Незадолго от отъезда Нэт допустил по отношению к сыну бестактность.
— Грузовик полон, — заявил он, захлопнув дверь машины. — Пианино оставляем. Для него нет места.
— Нет! — крикнул Шэп.
— Что ты хочешь этим сказать — нет места? — удивилась Ирен, открывая дверь грузовика. — Там обязательно должно быть место.
Но места для пианино там действительно не было.
Она предложила вытащить и оставить диван, обеденный стол, кровать, да все, что угодно. Нэт категорически отказался:
— Я не собираюсь ничего вытаскивать из грузовика только для того, чтобы засунуть в него старое пианино, которое наверняка займет полгостиной в нашем новом доме.
Через несколько часов Ирен обнаружила Шэпа скорчившимся в комок в дальнем углу спальни.
— Извини, — сказала Ирен и, зябко кутаясь в кардиган, опустилась на колени рядом с сыном. — Знаешь, пианино плохо перенесет переезд. Там другая высота над уровнем моря, более холодно и сыро, да и дожди идут чаще… — Она вздохнула и огляделась по сторонам. Это спальня, в которой она выросла. Одно окно выходило на восток, на дорогу, перед другим росла яблоня, которую отец посадил, когда она была еще ребенком. Сейчас дерево почти полностью закрывало окно, и несколько яблок, оставшихся на ветвях, были похожи на елочные украшения, с той разницей, что они украшали собой небо, на котором повисли темные, как олово, облака. При взгляде на них она едва не расплакалась. — Мы купим там новое пианино, сынок. Я тебе обещаю.
Шэп уткнулся головой в колени, и пряди его золотистых волос упали ему на лицо.
— Он не любит, что я на нем играю.
— Успокойся, Шэп!
Ее сын начал играть на пианино, когда ему исполнилось два года. Он забирался на деревянную скамеечку и тыкал пальчиком в клавиши, но не ударял, как это делает большинство малышей, а именно слегка касался их, воспроизводя каждый раз одну и ту же ноту. Это продолжалось несколько недель подряд, он регулярно воспроизводил одну ноту за другой. Шэп все так же сидел за пианино, уставившись на пожелтевшие белые клавиши, как будто мог видеть звуки. Затем, как будто из ниоткуда, он начал сводить ноты воедино, составляя из них песенки — «У Мэри был ягненок» и «Колеса автобуса», простенькие мелодии, которые можно исполнить одной рукой, и что-то напевал себе под нос.
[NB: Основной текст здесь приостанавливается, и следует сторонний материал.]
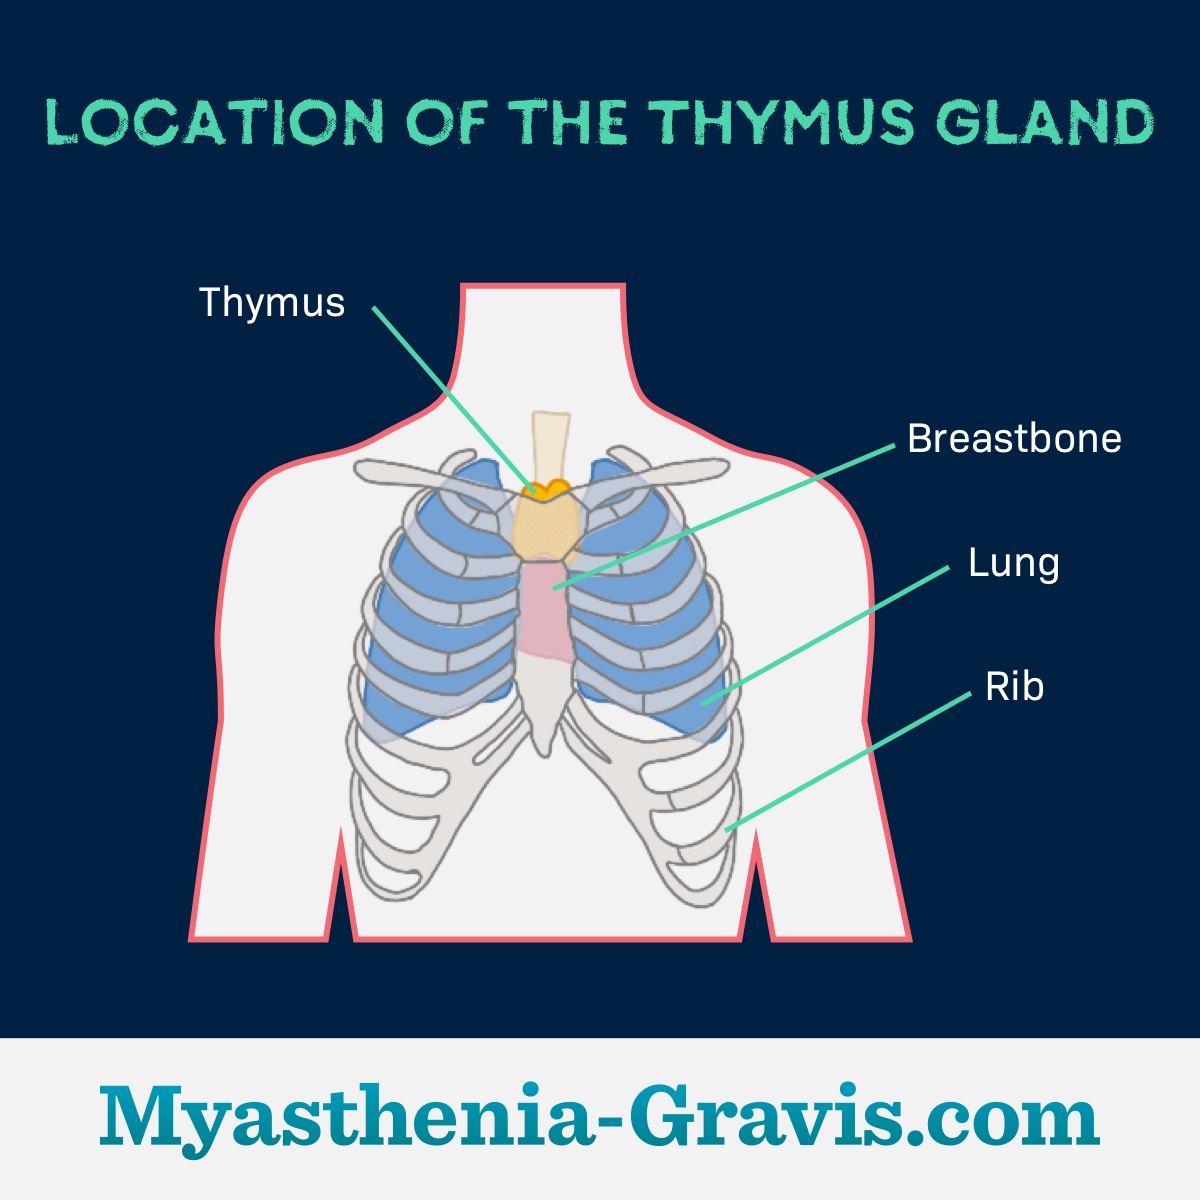 Diagram of human chest showing the thymus, breastbone, lung, and ribs.

Ирен начала петь с сыном более сложные мелодии, затем стала покупать пластинки — желала убедиться, что Шэп может воспроизводить и другие песни. Прежде чем она поняла это, он уже по слуху играл «Радость человеческого желания», «К Элизе» и «Аве Мария». В четыре года он брал уроки у церковного органиста, а когда ему исполнилось семь, Ирен достала для него с чердака старую отцовскую трубу. После этого она окончательно убедилась в том, что ей больше не нужны подтверждения существования Господа Бога. Ибо каждый день слышала, как ее сын при помощи трубы возвещает о том, что в этом мире имеется много такого, что раньше ей было неведомо.